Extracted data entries
┏━━

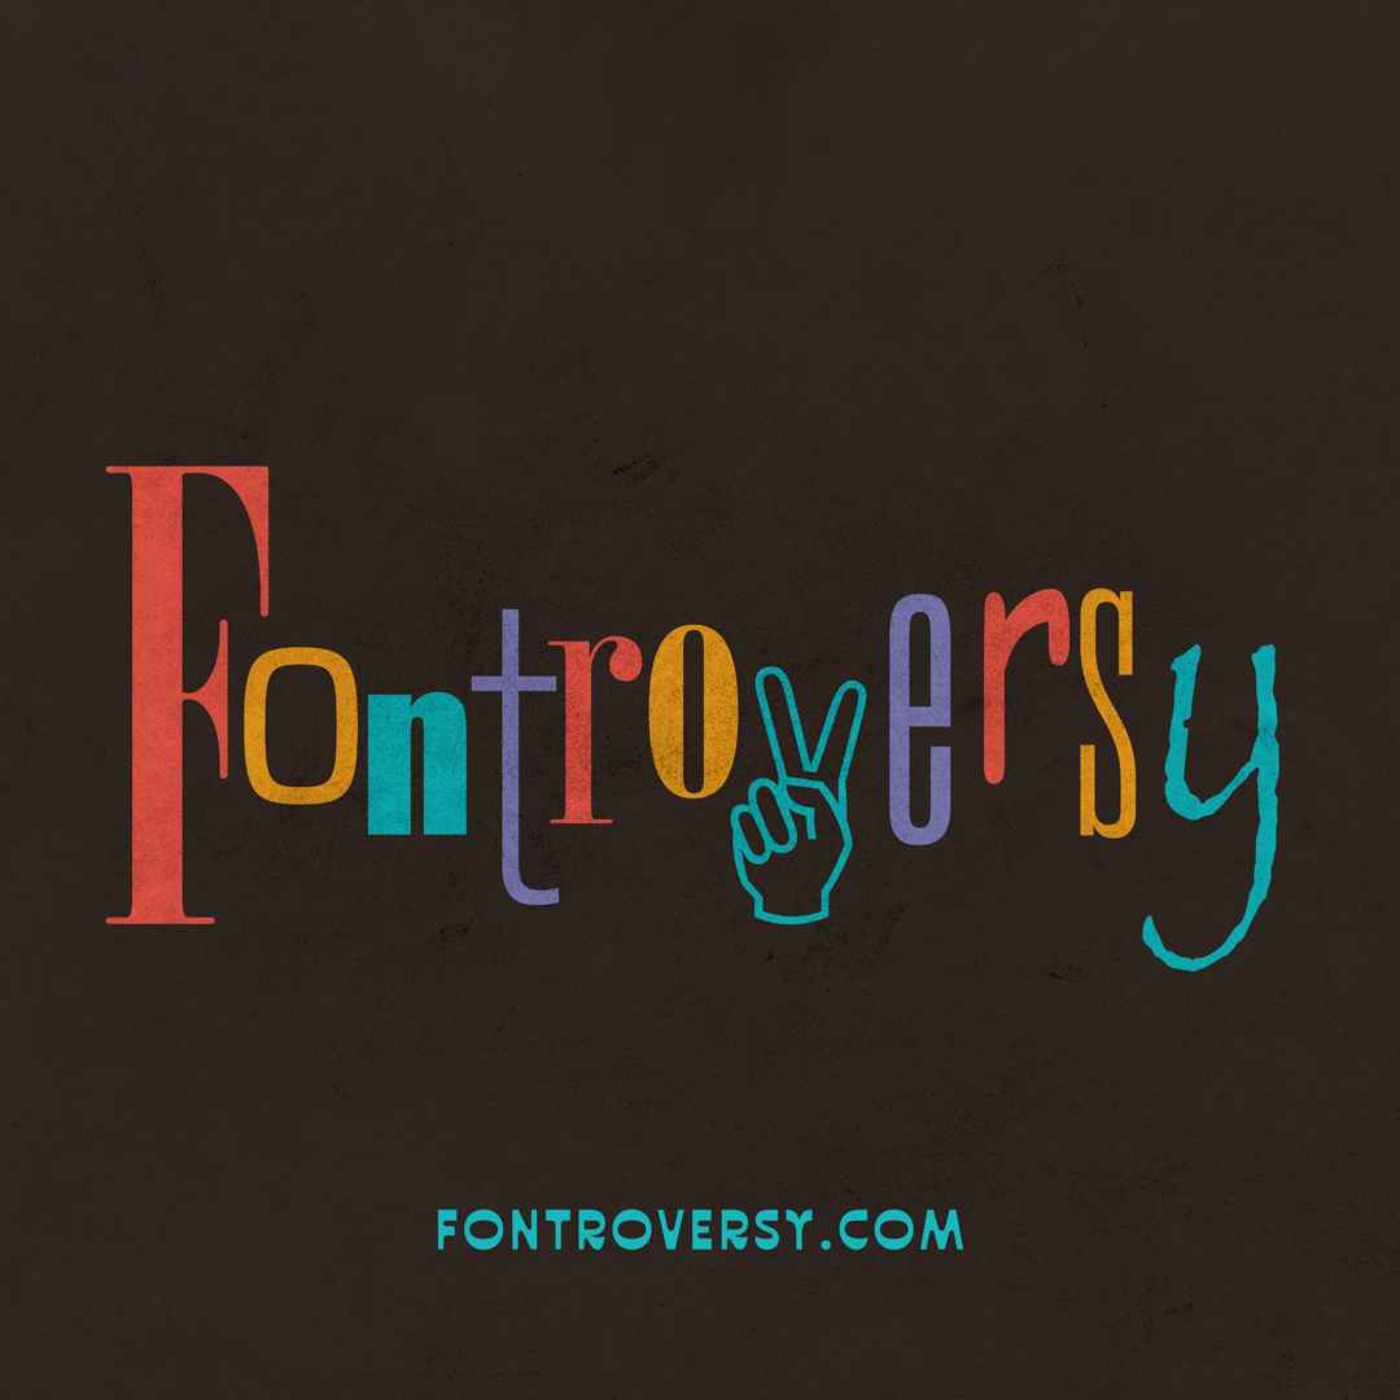 Introducing Fontroversy, a new limited-run series coming July 20!
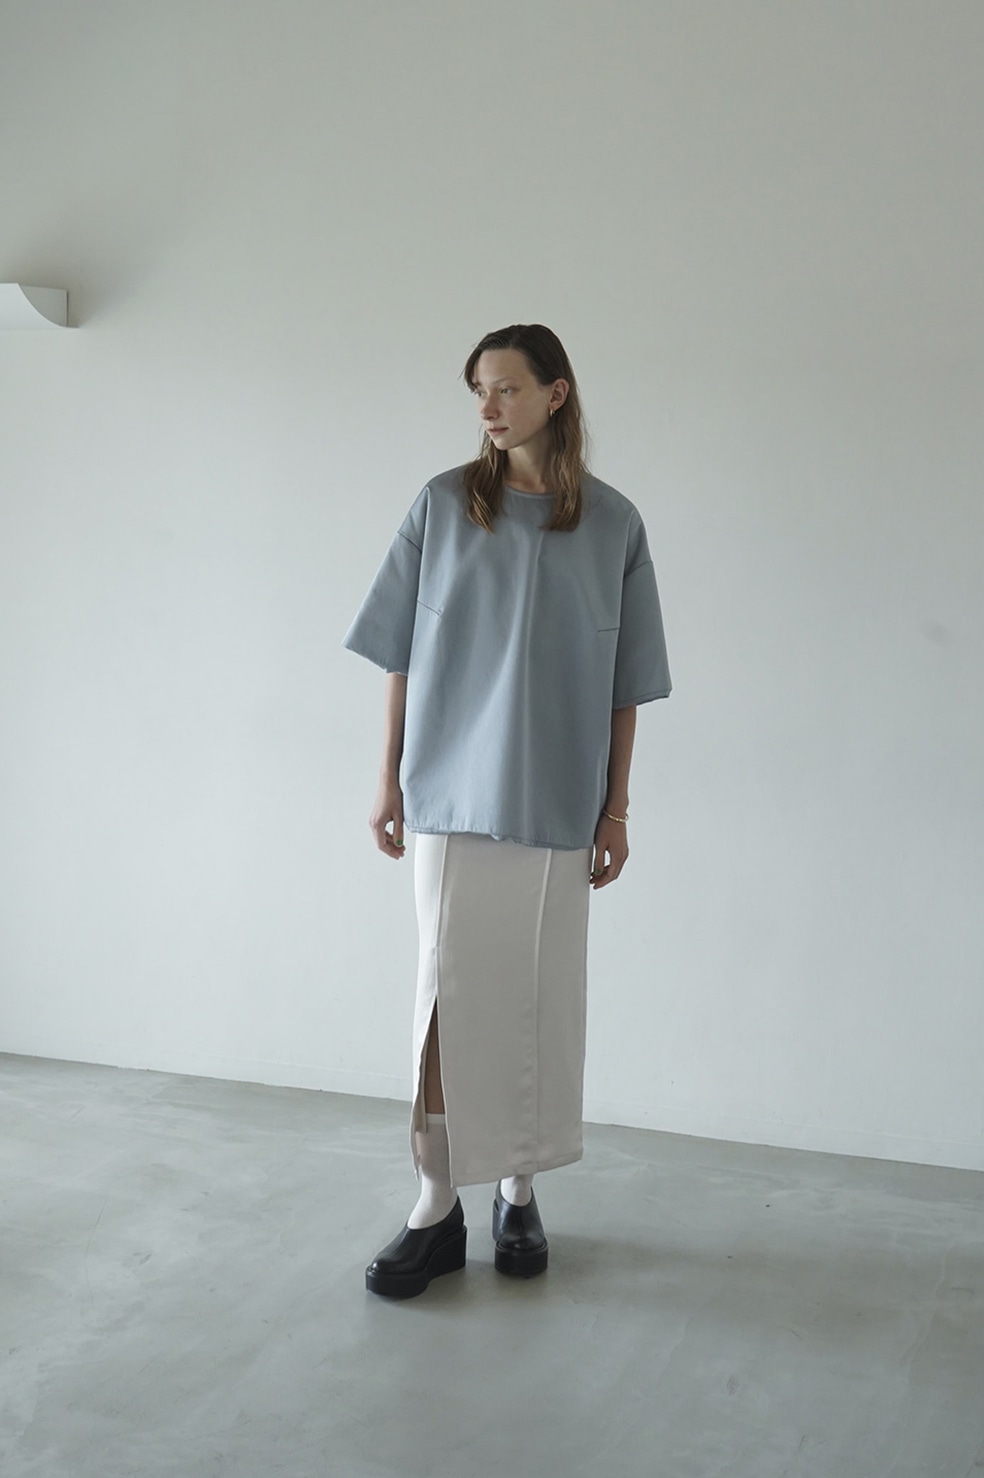 PADDED SATIN TOPS｜TOPS(トップス)｜CLANE OFFICIAL ONLINE STORE
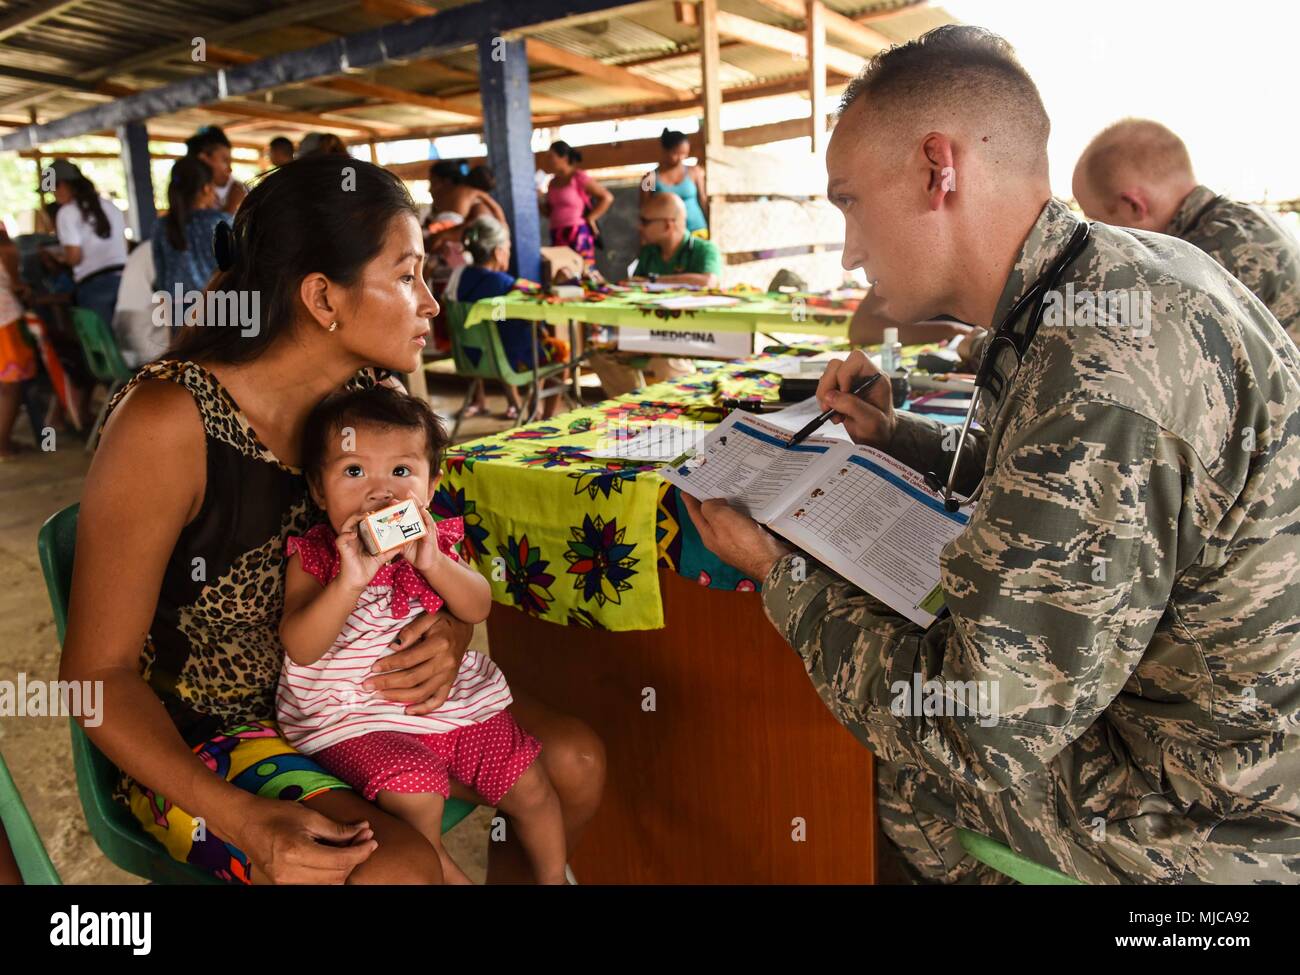 U.S. Air Force Capt. Charles Hutchings, 346th Expeditionary Medical Operations Squadron pediatrician, explains info to a local woman near Meteti, Panama, April 17, 2018. Hutchings was part of an Embedded Health Engagement Team, which gave him a unique learning experience by submerging him into local clinics. The team was participating in Exercise New Horizons 2018, which will assist communities throughout Panama by providing medical assistance and building facilities such as schools, a youth community center and a women’s health ward. (U.S. Air Force photo by Senior Airman Dustin Mullen/Releas Stock Photo
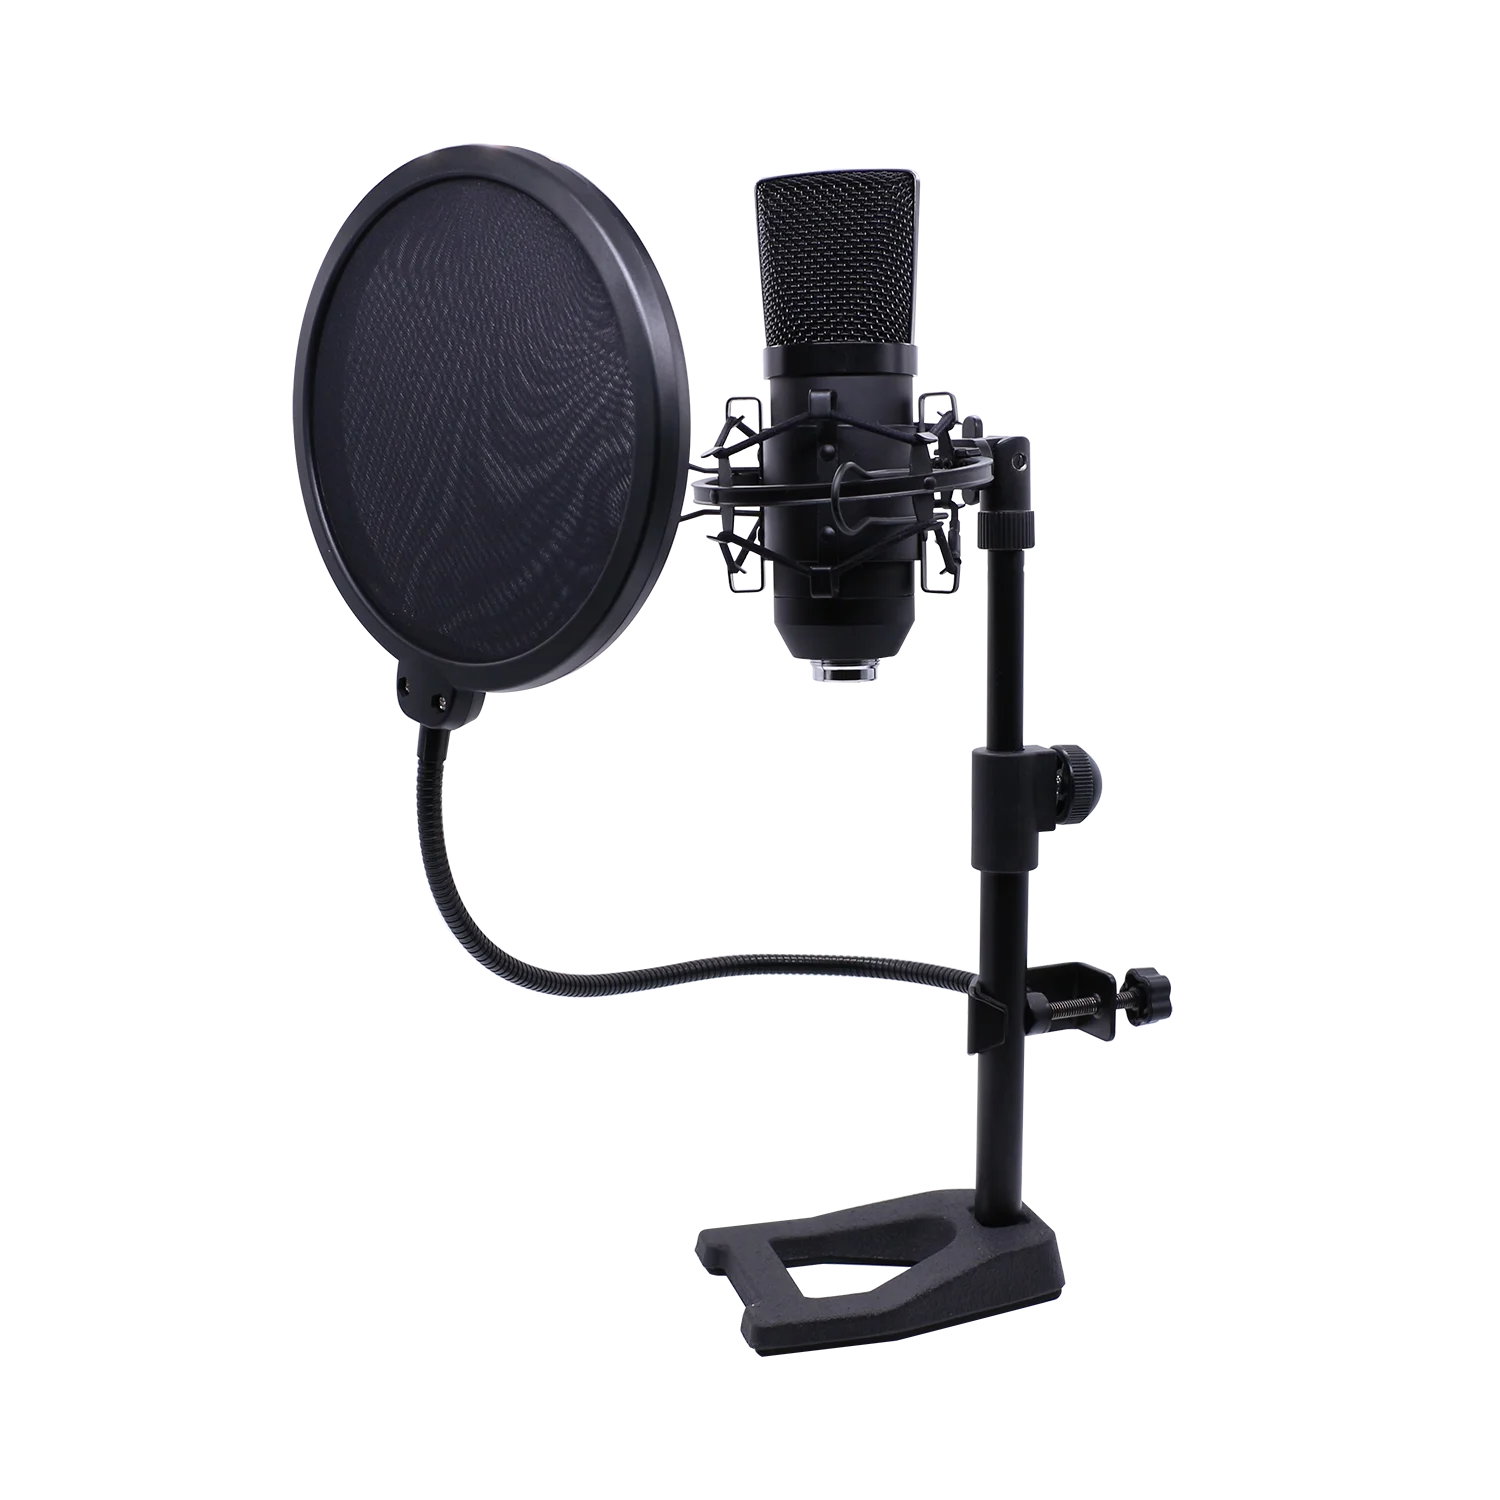 

Accuracy Pro Audio EM-700 Hot sale New Design Podcast Mic Plug & Play USB Condenser Microphone Stand Studio Set For Recording, Black
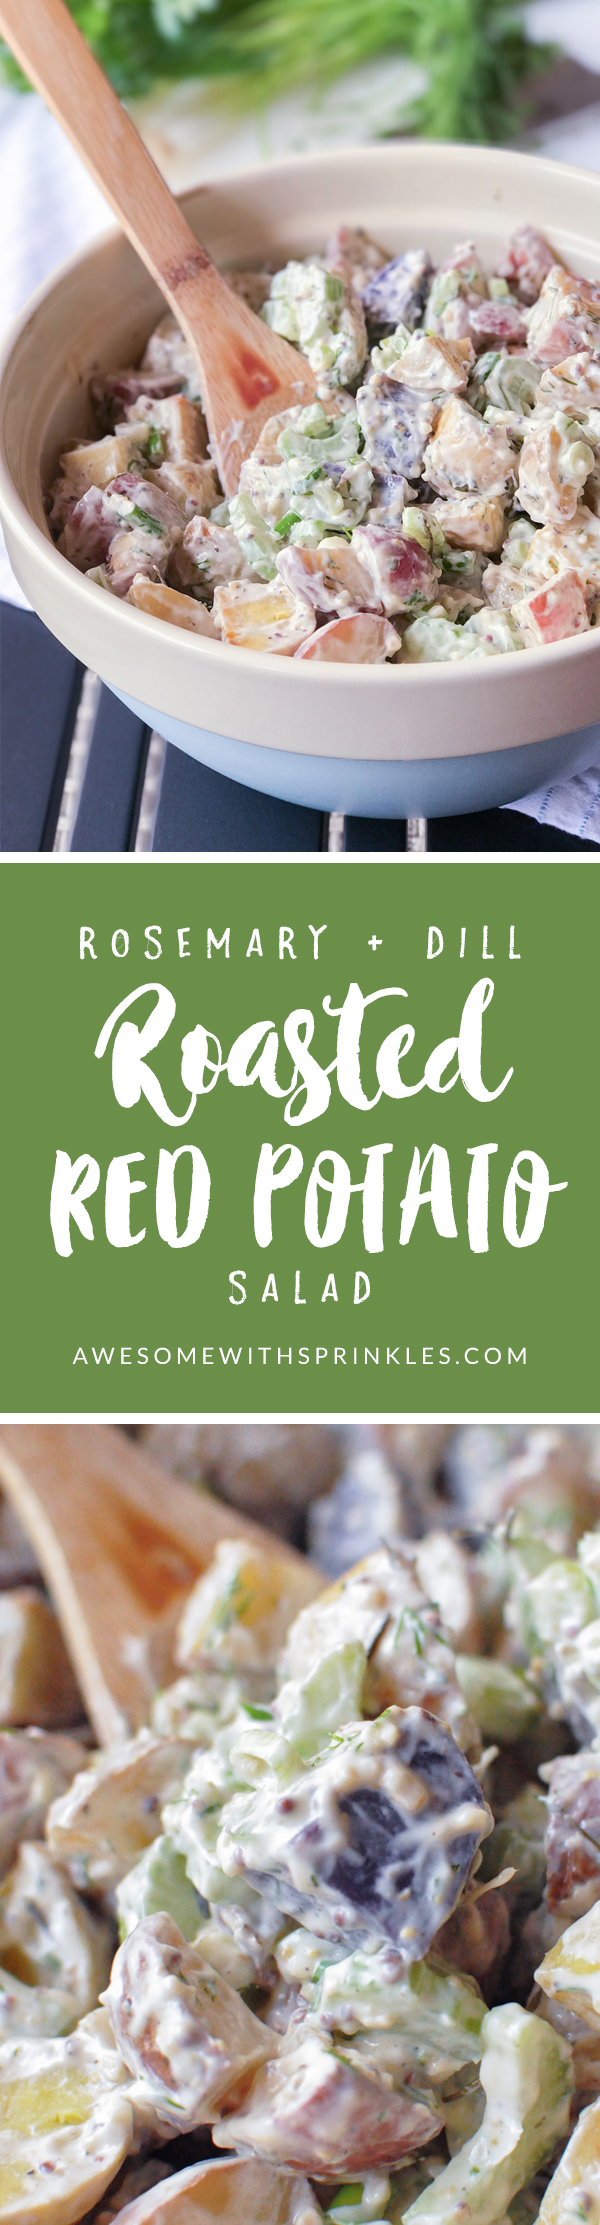 Crispy oven roasted red potatoes combined with fresh rosemary and dill herbs make for a savory twist on this classic BBQ staple. | Awesome with Sprinkles

┗━━

= Requirement =
The entries above need to be printed again exactly; please exclude all pictures.

= Solution to the problem =
 Introducing Fontroversy, a new limited-run series coming July 20!
 PADDED SATIN TOPS｜TOPS(トップス)｜CLANE OFFICIAL ONLINE STORE
 U.S. Air Force Capt. Charles Hutchings, 346th Expeditionary Medical Operations Squadron pediatrician, explains info to a local woman near Meteti, Panama, April 17, 2018. Hutchings was part of an Embedded Health Engagement Team, which gave him a unique learning experience by submerging him into local clinics. The team was participating in Exercise New Horizons 2018, which will assist communities throughout Panama by providing medical assistance and building facilities such as schools, a youth community center and a women’s health ward. (U.S. Air Force photo by Senior Airman Dustin Mullen/Releas Stock Photo

Accuracy Pro Audio EM-700 Hot sale New Design Podcast Mic Plug & Play USB Condenser Microphone Stand Studio Set For Recording, Black
 Crispy oven roasted red potatoes combined with fresh rosemary and dill herbs make for a savory twist on this classic BBQ staple. | Awesome with Sprinkles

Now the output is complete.